Eg if all data from a specific location (or year etc) comes wrong, then this kind of cleaning would just completely exclude this location, which depending on the context may or may not be a problem. Or if values come wrong above a specific threshold. Or any other way that the errors are not in some way randomly distributed.

Removing data is never a neutral choice, and it should always be taken into consideration (which data is removed).

hermitcrab 4 hours ago | parent [-]

>Removing data is never a neutral choice, and it should always be taken into consideration (which data is removed).

Absolutely. If you have obviously wrong data your choices are generally:

1. Leave the bad data in.

2. Leave the bad data in and flag it as suspect.

3. Omit the dad data.

4. Correct the bad data.

Which is the best choice depends on context and requires judgement. But I find it hard to imagine any situation where option 1 is the right choice.

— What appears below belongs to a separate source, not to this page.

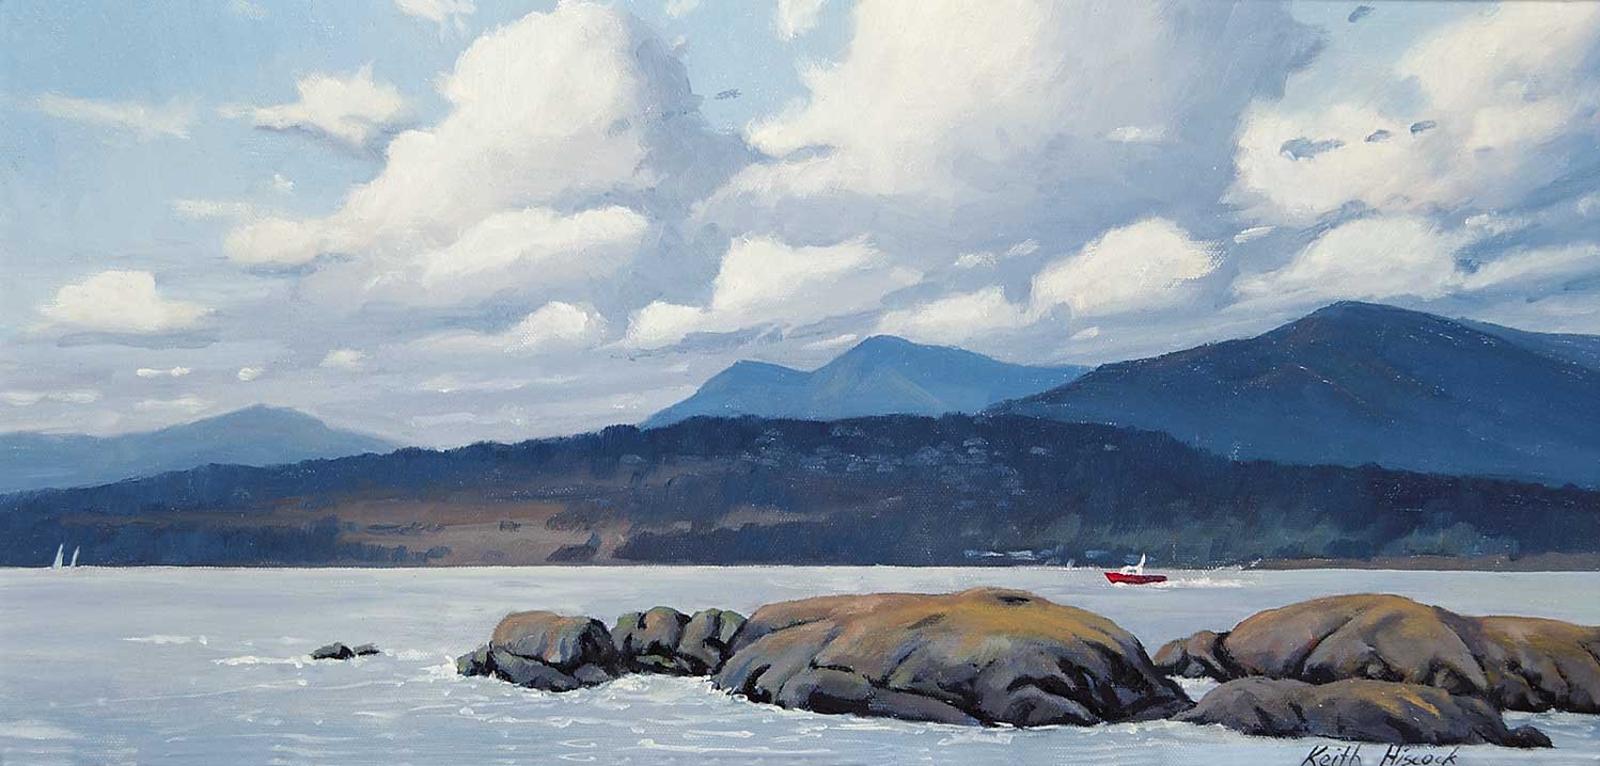 Keith Hiscock (1951) - Pilot Boat, Holland Point Looking Towards Metchosin
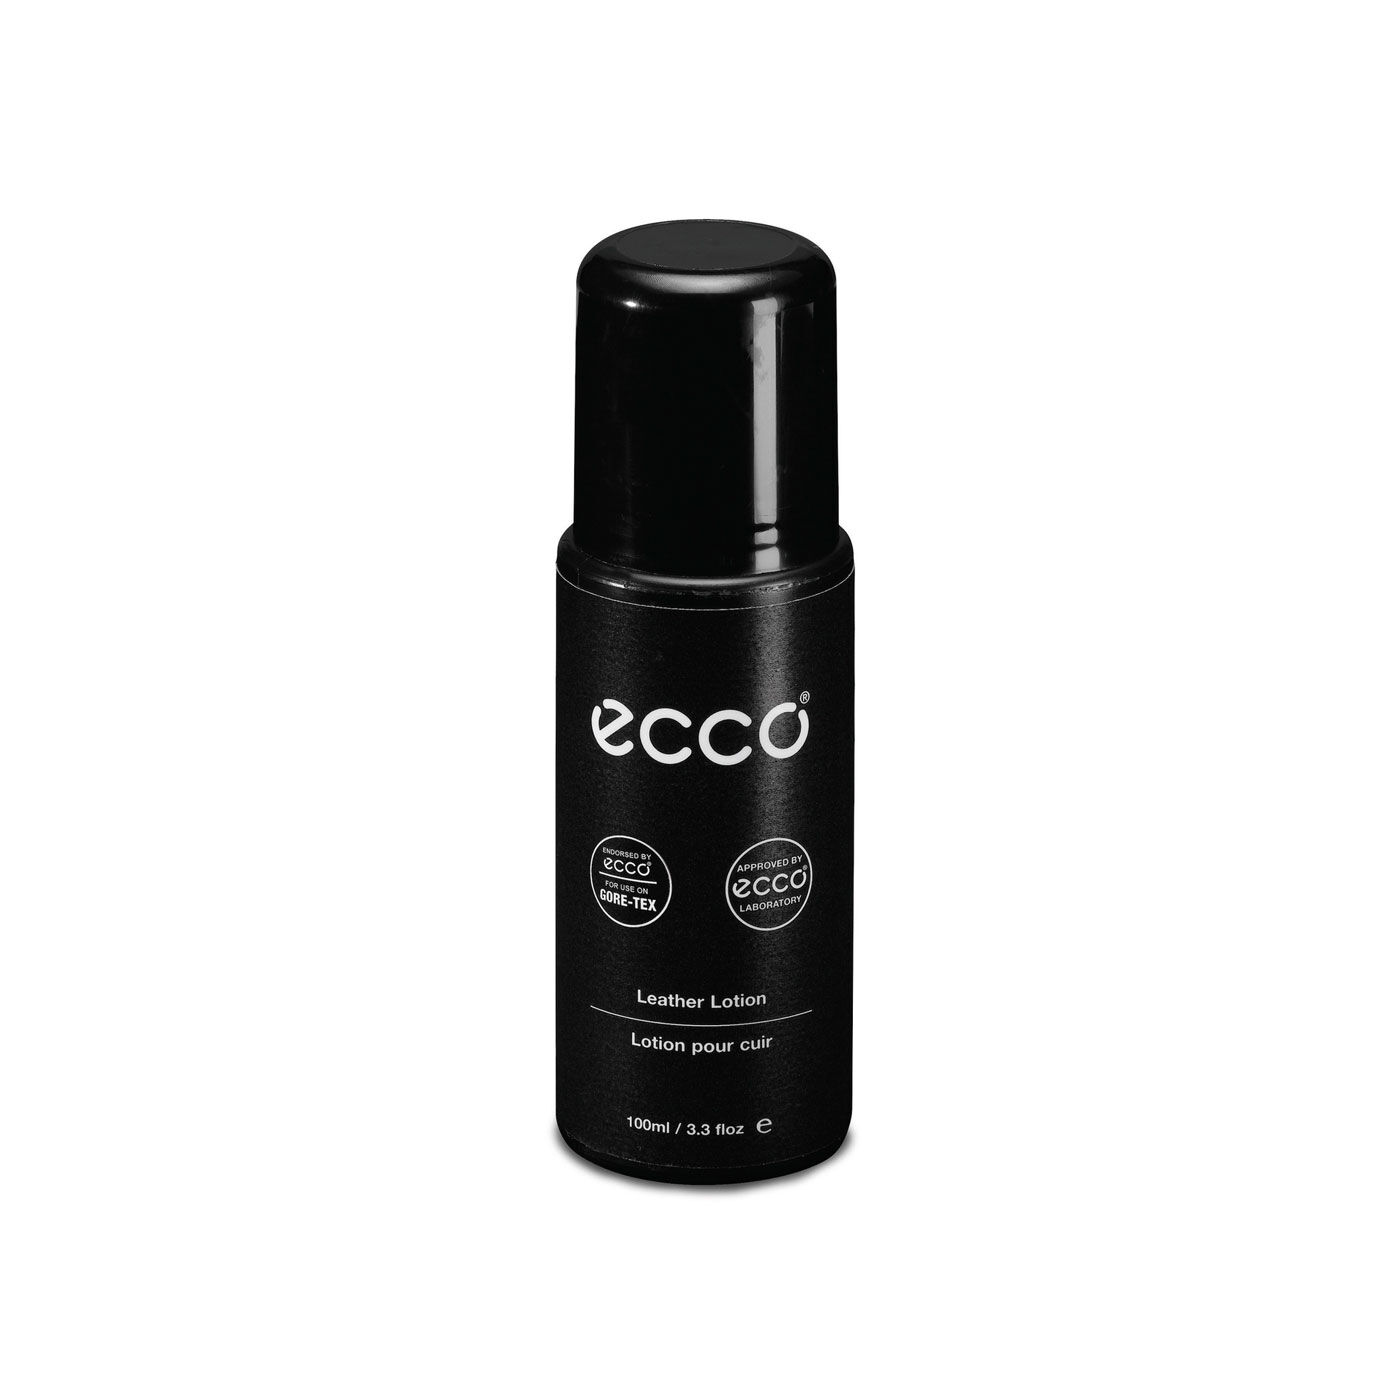 ecco smooth leather daily care cream

Obviously the best solution is to do basic validation as the data is entered, so that people can't add a location in the Indian ocean to a UK dataset. It seems rather negligent that they didn't do this.

chaps 3 hours ago | parent [-]

Like I said in a different post, there are legal reasons for why you would want the original data. Deleting the data from the dataset is negligent.

If you want something to blame, blame the system that allowed the data to be bad in the first place. You're pointing your finger at the wrong people and it's unreasonable of you to call them negligent.